3.4 A quadratic sequence, with general term \( T_{n} \), has the following properties - \( T_{11}=125 \) - \( T_{n}-T_{n-1}=3 n-4 \) Determine the first term of the sequence.

To solve for the first term of the quadratic sequence, we start with the information given: 1. We know that \( T_{n} - T_{n-1} = 3n - 4 \). 2. This means that the difference between consecutive terms is a linear expression. From the difference equation, we can express the terms in the sequence recursively: \[ T_n = T_{n-1} + (3n - 4) \] We can then derive the specific terms of the sequence step by step. Starting from \( T_1 \): - \( T_2 = T_1 + (3 \cdot 2 - 4) = T_1 + 2 \) - \( T_3 = T_2 + (3 \cdot 3 - 4) = T_1 + 2 + 5 = T_1 + 7 \) - \( T_4 = T_3 + (3 \cdot 4 - 4) = T_1 + 7 + 8 = T_1 + 15 \) Continuing this way, we can generate a pattern.

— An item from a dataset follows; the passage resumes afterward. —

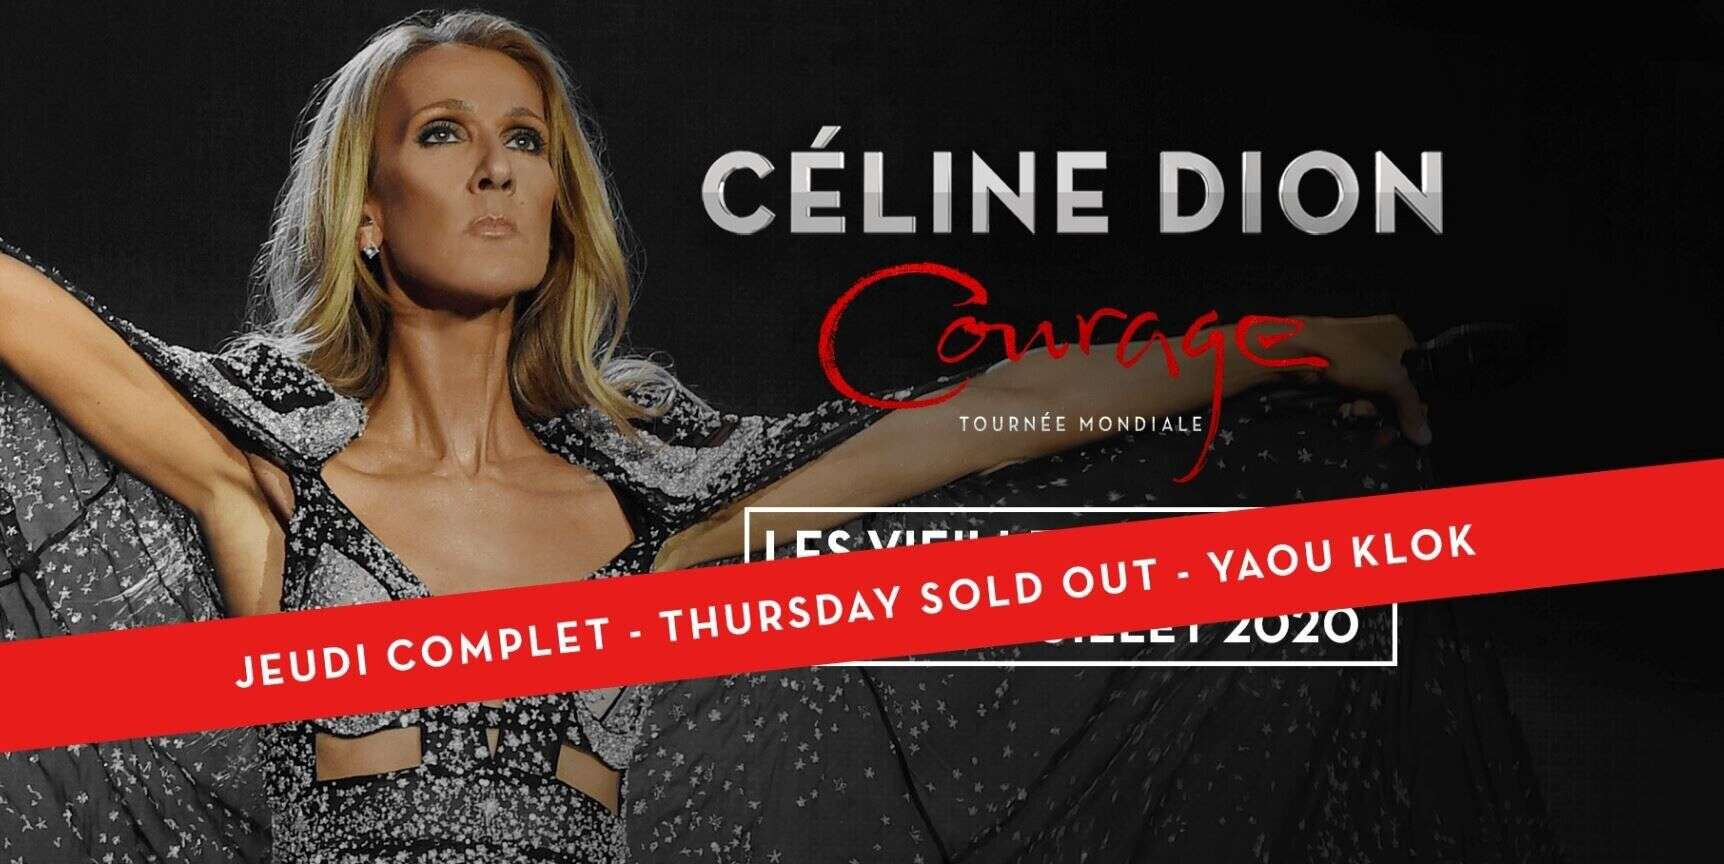 Le concert de Céline Dion aux Vieilles Charrues sold out en moins de dix minutes
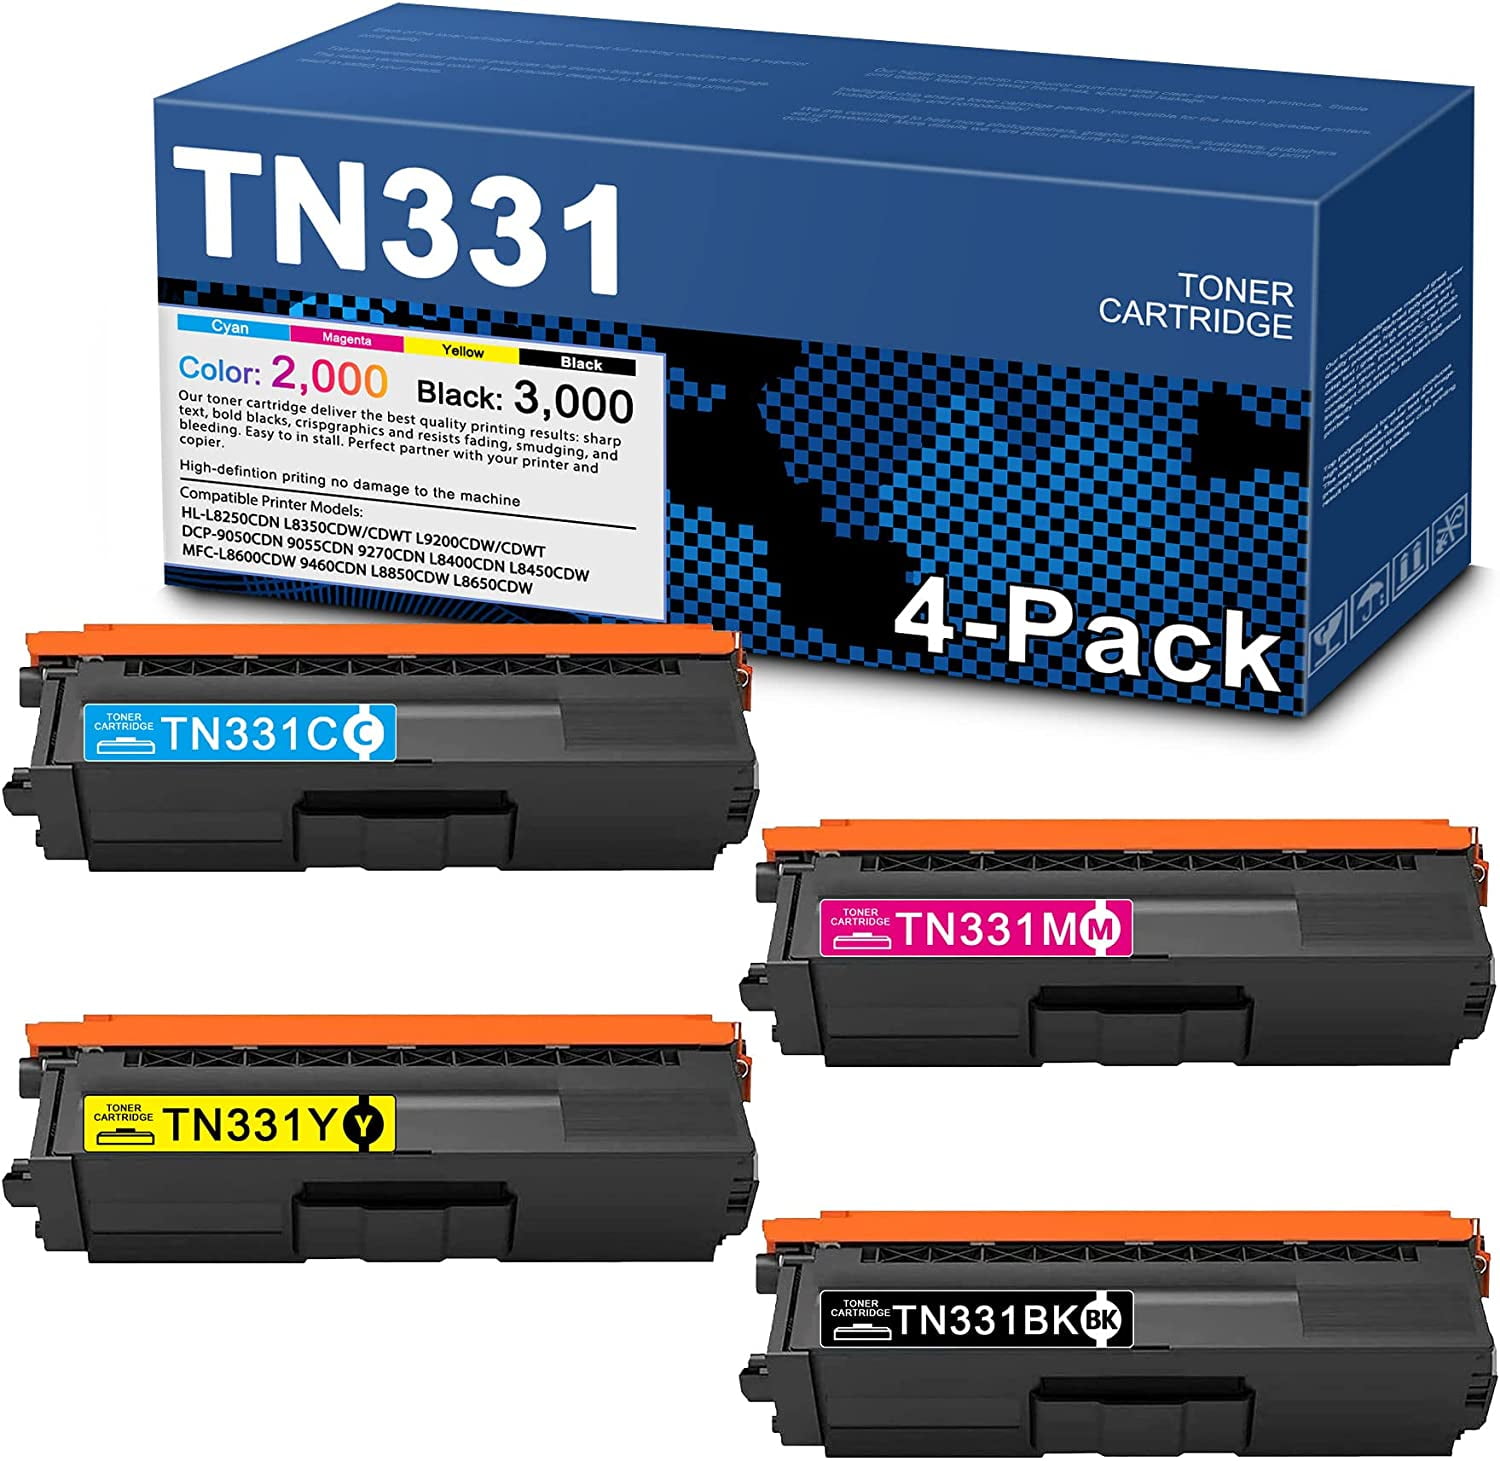 4-Pack, 1BK+1C+1M+1Y) TN331BK TN331M TN331Y Toner Cartridge Compatible Replacement Brother TN-331 HL-L8250CDN L9200CDW/CDWT DCP-9270CDN L8450CDW Printer - Walmart.com

Summing up the differences from \( T_1 \) to \( T_{11} \): Let’s denote the total number of terms \( n = 11 \), we know: \[ T_{11} = T_1 + \sum_{k=2}^{11} (3k - 4) \] Calculating the sum \( \sum_{k=2}^{11} (3k - 4) \): Break it into parts: \[ \sum_{k=2}^{11} (3k - 4) = \sum_{k=2}^{11} 3k - \sum_{k=2}^{11} 4 \] - The first part, \( \sum_{k=2}^{11} 3k = 3 \sum_{k=2}^{11} k\): \[ \sum_{k=2}^{11} k = \frac{(11)(12)}{2} - 1 = 66 - 1 = 65 \quad \Rightarrow \quad 3 \cdot 65 = 195 \] - The second part \( \sum_{k=2}^{11} 4\) has 10 terms (from \( k=2 \) to \( k=11 \)), thus: \[ \sum_{k=2}^{11} 4 = 4 \cdot 10 = 40 \] So, we can combine these: \[ \sum_{k=2}^{11} (3k - 4) = 195 - 40 = 155 \] Thus, \[ T_{11} = T_1 + 155 \] Given \( T_{11} = 125 \), we equate: \[ 125 = T_1 + 155 \] Solving for \( T_1 \): \[ T_1 = 125 - 155 = -30 \] So the first term of the sequence is \( \boxed{-30} \).